EXERCISE PROMPT: From the first line to the last, print the data exactly as it appears.

Collected data:
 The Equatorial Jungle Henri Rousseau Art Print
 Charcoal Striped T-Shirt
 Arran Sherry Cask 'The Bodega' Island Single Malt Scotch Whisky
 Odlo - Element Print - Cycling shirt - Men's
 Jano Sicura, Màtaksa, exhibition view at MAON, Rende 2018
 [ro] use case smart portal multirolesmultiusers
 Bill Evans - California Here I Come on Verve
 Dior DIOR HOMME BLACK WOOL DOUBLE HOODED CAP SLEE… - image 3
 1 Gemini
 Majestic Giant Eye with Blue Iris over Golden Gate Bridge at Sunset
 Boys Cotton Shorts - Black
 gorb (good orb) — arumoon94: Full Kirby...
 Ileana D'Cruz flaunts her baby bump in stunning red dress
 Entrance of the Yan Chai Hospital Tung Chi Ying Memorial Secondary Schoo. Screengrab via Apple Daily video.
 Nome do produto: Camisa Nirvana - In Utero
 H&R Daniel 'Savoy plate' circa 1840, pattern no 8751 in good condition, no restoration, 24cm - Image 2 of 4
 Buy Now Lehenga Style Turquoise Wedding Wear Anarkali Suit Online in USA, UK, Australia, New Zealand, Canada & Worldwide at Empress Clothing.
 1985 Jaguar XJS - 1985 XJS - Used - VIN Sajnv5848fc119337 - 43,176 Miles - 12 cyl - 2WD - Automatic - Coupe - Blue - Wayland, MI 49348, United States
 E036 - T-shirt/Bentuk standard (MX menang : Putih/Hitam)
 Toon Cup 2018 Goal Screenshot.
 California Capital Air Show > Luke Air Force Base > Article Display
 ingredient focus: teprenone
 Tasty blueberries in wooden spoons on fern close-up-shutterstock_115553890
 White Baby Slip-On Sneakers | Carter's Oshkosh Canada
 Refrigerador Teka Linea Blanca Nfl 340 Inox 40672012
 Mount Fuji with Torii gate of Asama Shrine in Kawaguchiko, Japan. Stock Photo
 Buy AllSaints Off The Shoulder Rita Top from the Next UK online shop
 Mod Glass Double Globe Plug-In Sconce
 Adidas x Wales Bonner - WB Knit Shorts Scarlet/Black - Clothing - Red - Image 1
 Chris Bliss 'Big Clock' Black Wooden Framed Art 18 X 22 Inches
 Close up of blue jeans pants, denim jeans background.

SOLUTION TO THIS TASK:
 The Equatorial Jungle Henri Rousseau Art Print
 Charcoal Striped T-Shirt
 Arran Sherry Cask 'The Bodega' Island Single Malt Scotch Whisky
 Odlo - Element Print - Cycling shirt - Men's
 Jano Sicura, Màtaksa, exhibition view at MAON, Rende 2018
 [ro] use case smart portal multirolesmultiusers
 Bill Evans - California Here I Come on Verve
 Dior DIOR HOMME BLACK WOOL DOUBLE HOODED CAP SLEE… - image 3
 1 Gemini
 Majestic Giant Eye with Blue Iris over Golden Gate Bridge at Sunset
 Boys Cotton Shorts - Black
 gorb (good orb) — arumoon94: Full Kirby...
 Ileana D'Cruz flaunts her baby bump in stunning red dress
 Entrance of the Yan Chai Hospital Tung Chi Ying Memorial Secondary Schoo. Screengrab via Apple Daily video.
 Nome do produto: Camisa Nirvana - In Utero
 H&R Daniel 'Savoy plate' circa 1840, pattern no 8751 in good condition, no restoration, 24cm - Image 2 of 4
 Buy Now Lehenga Style Turquoise Wedding Wear Anarkali Suit Online in USA, UK, Australia, New Zealand, Canada & Worldwide at Empress Clothing.
 1985 Jaguar XJS - 1985 XJS - Used - VIN Sajnv5848fc119337 - 43,176 Miles - 12 cyl - 2WD - Automatic - Coupe - Blue - Wayland, MI 49348, United States
 E036 - T-shirt/Bentuk standard (MX menang : Putih/Hitam)
 Toon Cup 2018 Goal Screenshot.
 California Capital Air Show > Luke Air Force Base > Article Display
 ingredient focus: teprenone
 Tasty blueberries in wooden spoons on fern close-up-shutterstock_115553890
 White Baby Slip-On Sneakers | Carter's Oshkosh Canada
 Refrigerador Teka Linea Blanca Nfl 340 Inox 40672012
 Mount Fuji with Torii gate of Asama Shrine in Kawaguchiko, Japan. Stock Photo
 Buy AllSaints Off The Shoulder Rita Top from the Next UK online shop
 Mod Glass Double Globe Plug-In Sconce
 Adidas x Wales Bonner - WB Knit Shorts Scarlet/Black - Clothing - Red - Image 1
 Chris Bliss 'Big Clock' Black Wooden Framed Art 18 X 22 Inches
 Close up of blue jeans pants, denim jeans background.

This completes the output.